== ABOUT THIS TASK ==
Please set down the data word for word; images do not go in the copy.

== DATASET EXTRACT ==
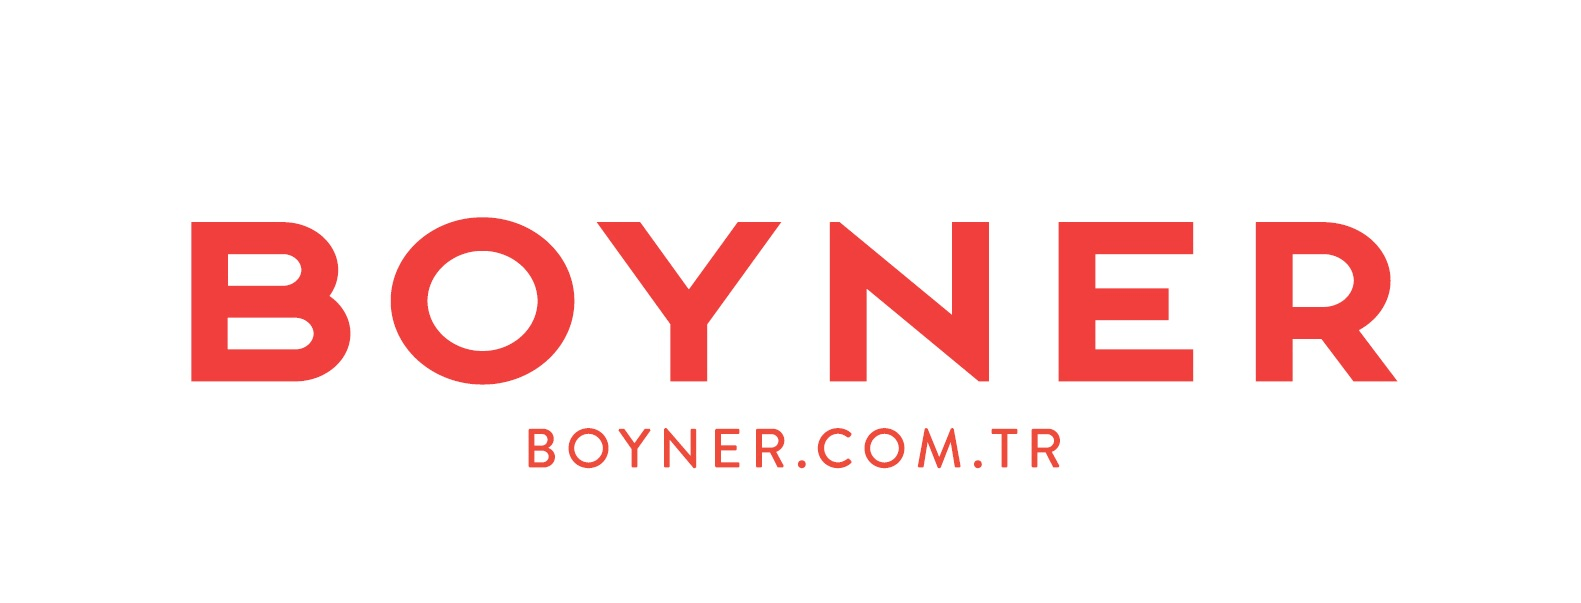 Boyner.com.tr ve Boyner Mobil’de peşin fiyatına 6'ya varan taksit fırsatı!
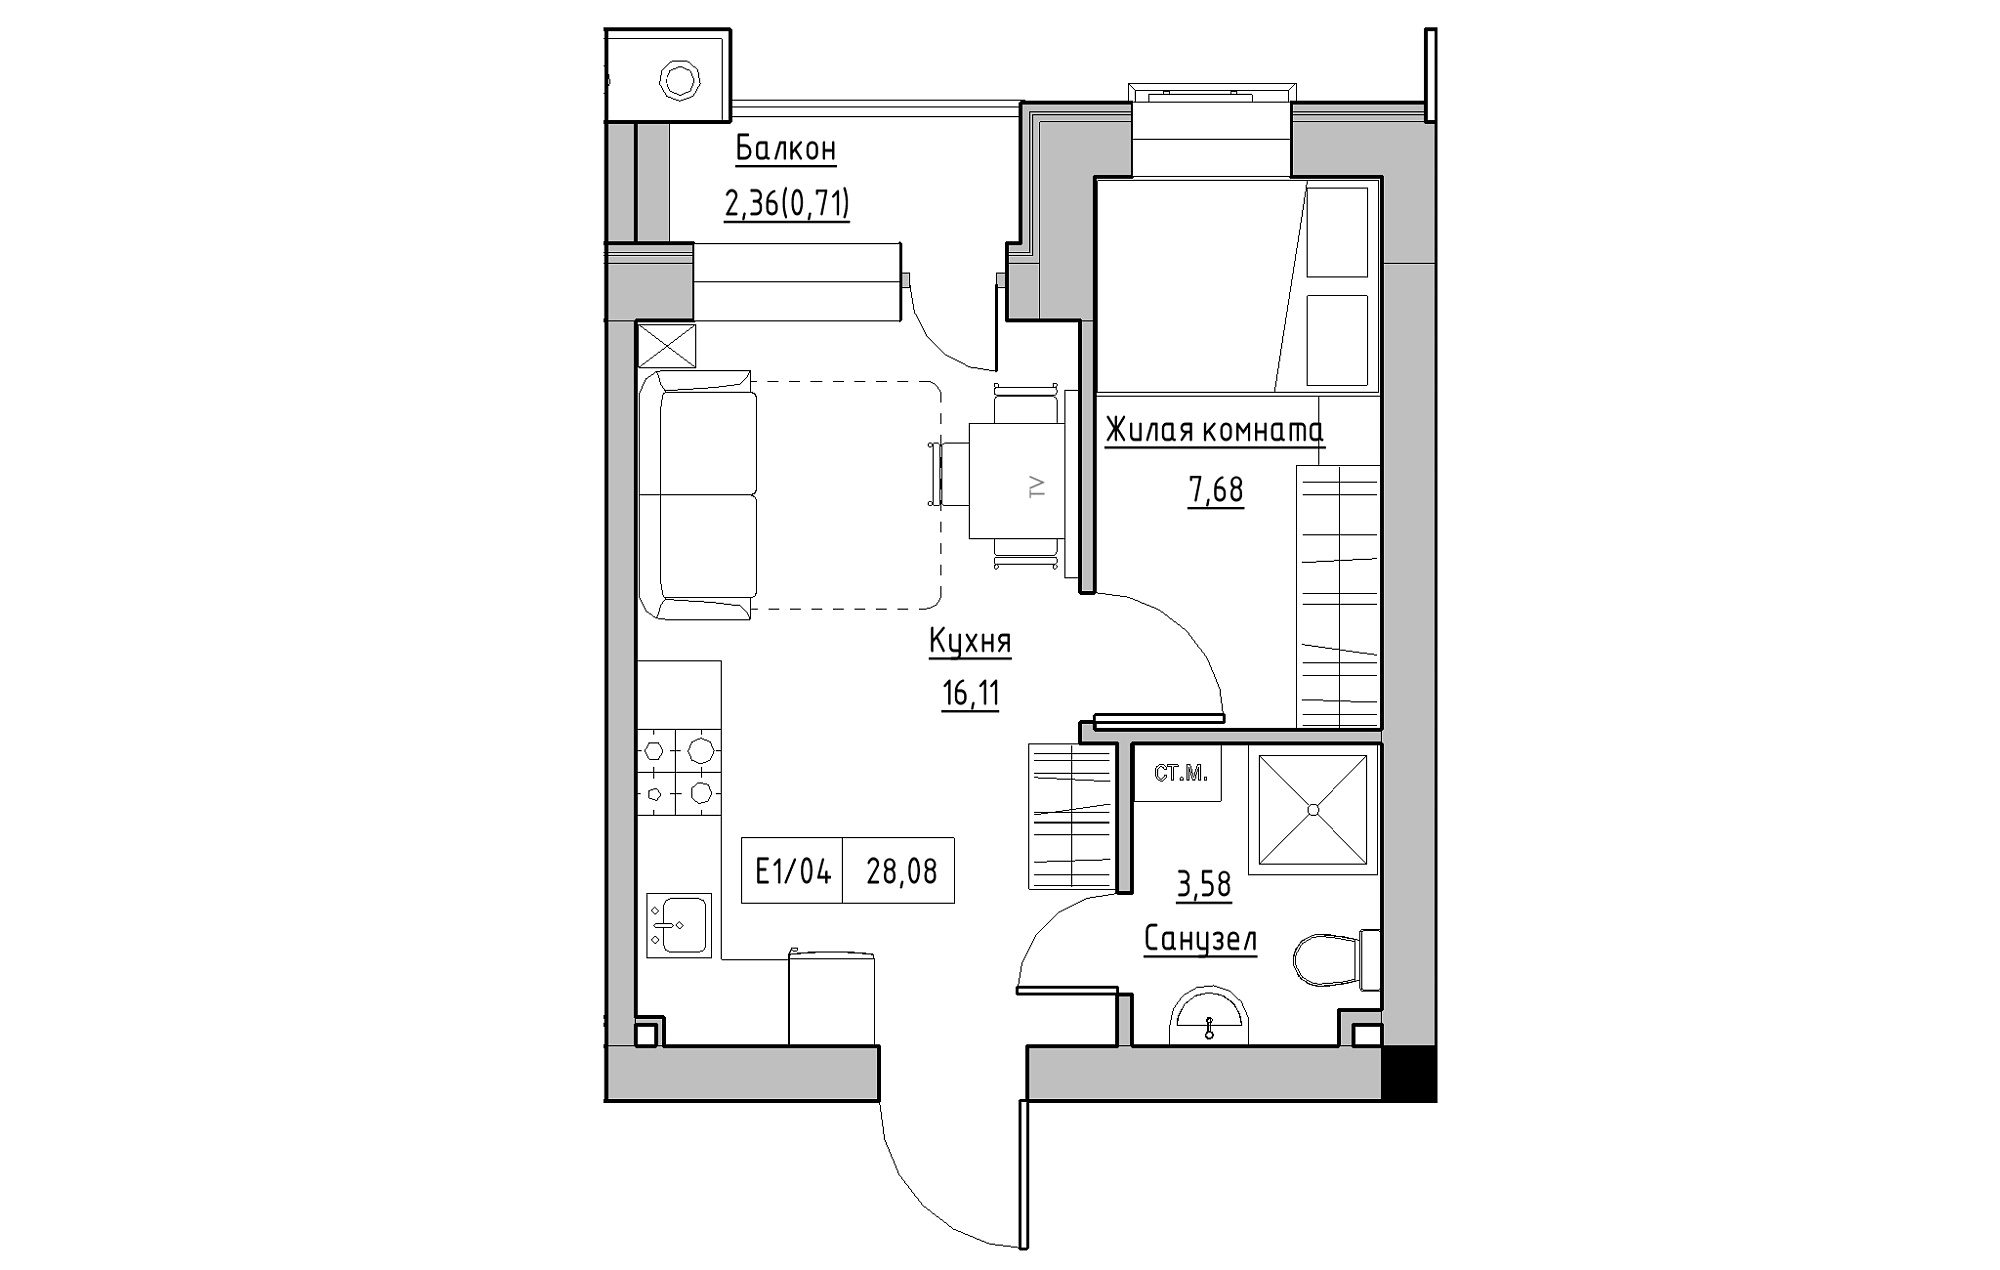 Планування 1-к квартира площею 28.08м2, KS-013-05/0010.
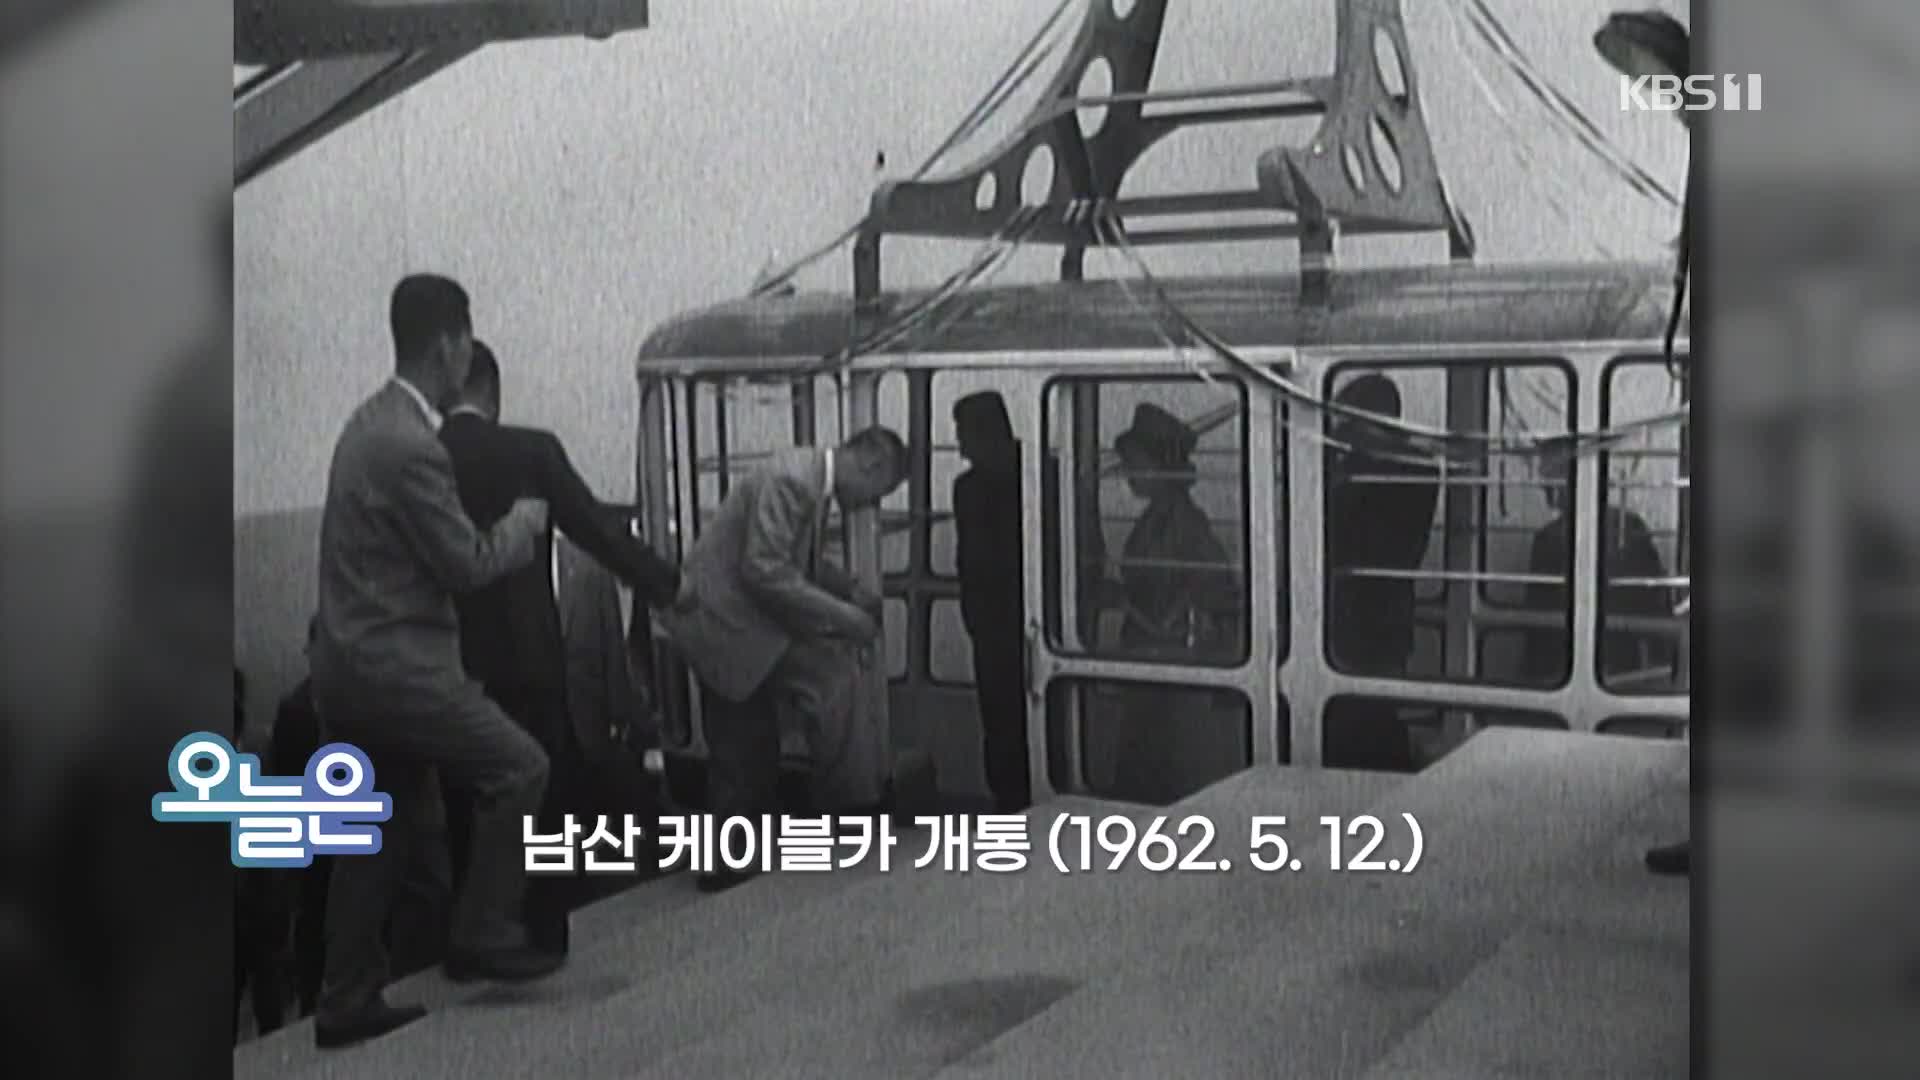 [오늘은] 남산 케이블카 개통 (1962.5.12.)

== ANSWER TO THE PROBLEM ==
 Boyner.com.tr ve Boyner Mobil’de peşin fiyatına 6'ya varan taksit fırsatı!
 Планування 1-к квартира площею 28.08м2, KS-013-05/0010.
 [오늘은] 남산 케이블카 개통 (1962.5.12.)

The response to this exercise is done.